А все-таки не знаю, нужна ли плоть для сладострастия. Для страсти, т. е. для возвращения в жизнь — да (дети). А сладострастие — одно идет до конца.
Весь смысл моего поцелуя — то, что он не ступень к той форме любви. Намек на возможность. Это — мысль, или чувство, для которого еще нет слов. Не то! Не то! Но знаю: можно углубить пропасть. Я не могу — пусть! Но будет. Можно. До небес. До Бога. До Христа.
Мне стало страшно. Как говорю? Здесь, в этой «яме». Дав том-то и дело, что все изменилось и теперь место, где говорю о своем теле, о сладострастии, о поле, об огне влюбленности — для меня, для моего сознания, уже не проклято, не яма.
Не отрицаю своей мерзости, своего ничтожества.
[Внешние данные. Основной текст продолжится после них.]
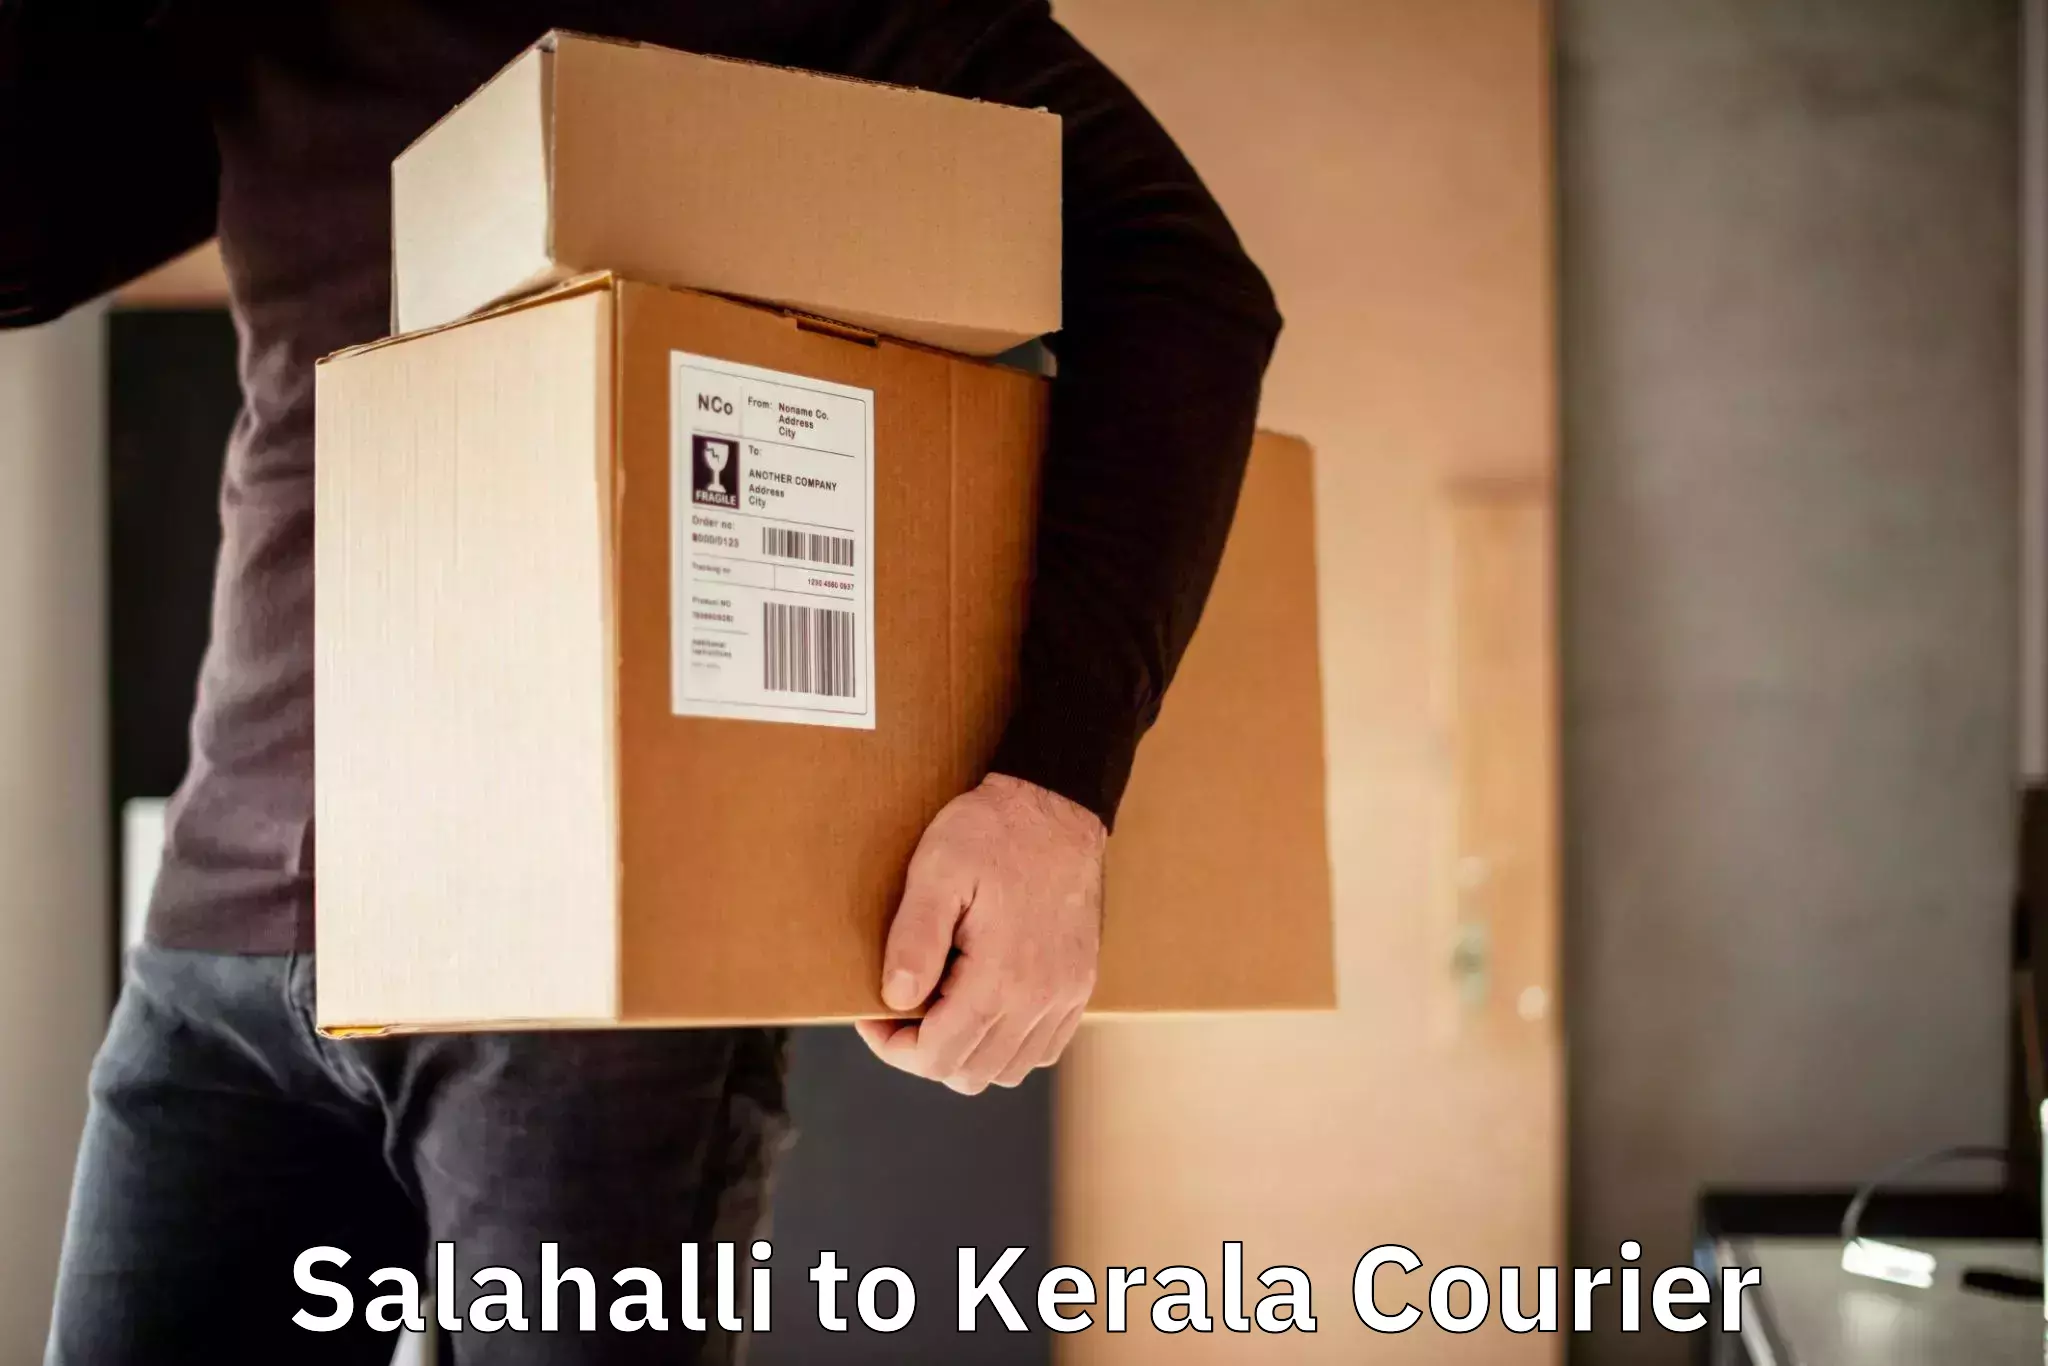 Courier app Salahalli to Kuthiathode

Идеал Мадонны — для меня не полный идеал. Я теряюсь, как человек, из-под которого выдернули стул. Только в одном, единственном, углу моей комнаты — светло. И это — мое, и это последнее, но хочу, чтоб оттуда на всю комнату был свет. И будет.
Любить меня — нельзя.
Я ник кому не прихожусь. Рассуждаю, а в сердце зверь и ест мое сердце.